To earn a scope, or any other attachments, you have to play more. That’s not a bad thing and is part and parcel with mainstream shooters like (older) Battlefield games and Call of Duty titles. The problem is that Bohemia Interactive commits a cardinal sin in its skill tree by upsetting the damage-deal /damage-taken balance, which means newer players—particularly those joining weeks after launch—are at a distinct disadvantage.

You can unlock two different levels of body armour, for six skill points apiece, and you can also unlock frag grenades. Admittedly, the frag grenades only cost one skill point, but it’s technically two because you have to first spend a skill point on smoke grenades (which, admittedly, are useful). Bear in mind that if you’re saving points to go straight to either of these options, you’re foregoing sights, suppressors, bipods and new weapon types.

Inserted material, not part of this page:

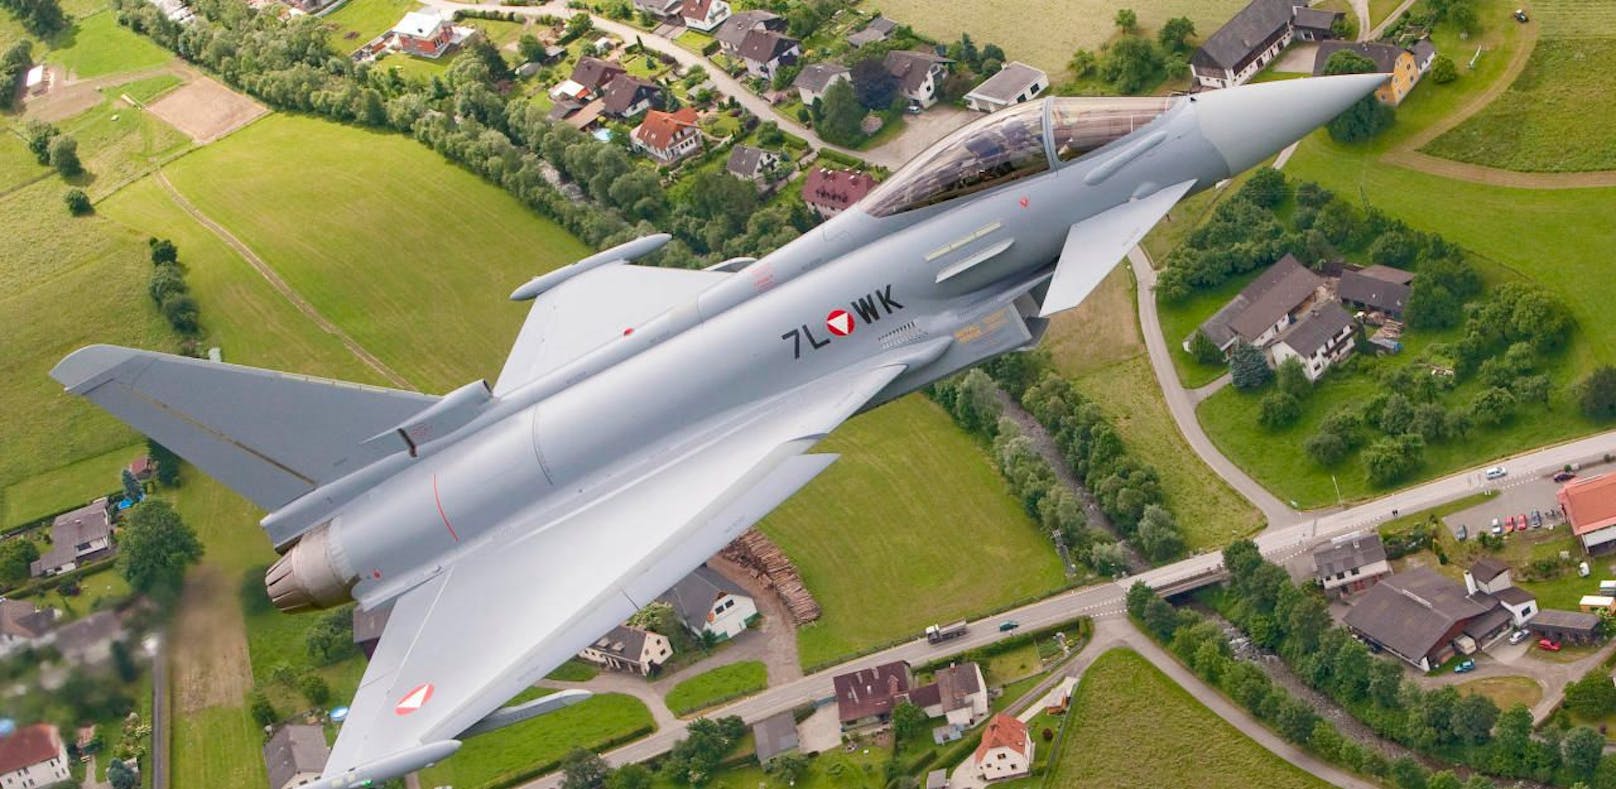 Neuordnung: Werden Eurofighter abgeschafft?

For players who’ve already sunk the requisite hours into Argo, they have an easy and noticeable edge, even in just attachments. Argo is a high-lethality game, after all, and being able to slap a high magnification scope on your weapon gives you a noticeable advantage when an enemy only has iron sights or a red-dot sight and can’t see you.

If Bohemia Interactive can patch out the bugs, improve the performance, and address the concerns with the unlocks, I’d be willing to give Argo another crack. But in its current form, Argo isn’t worth the hard-drive space.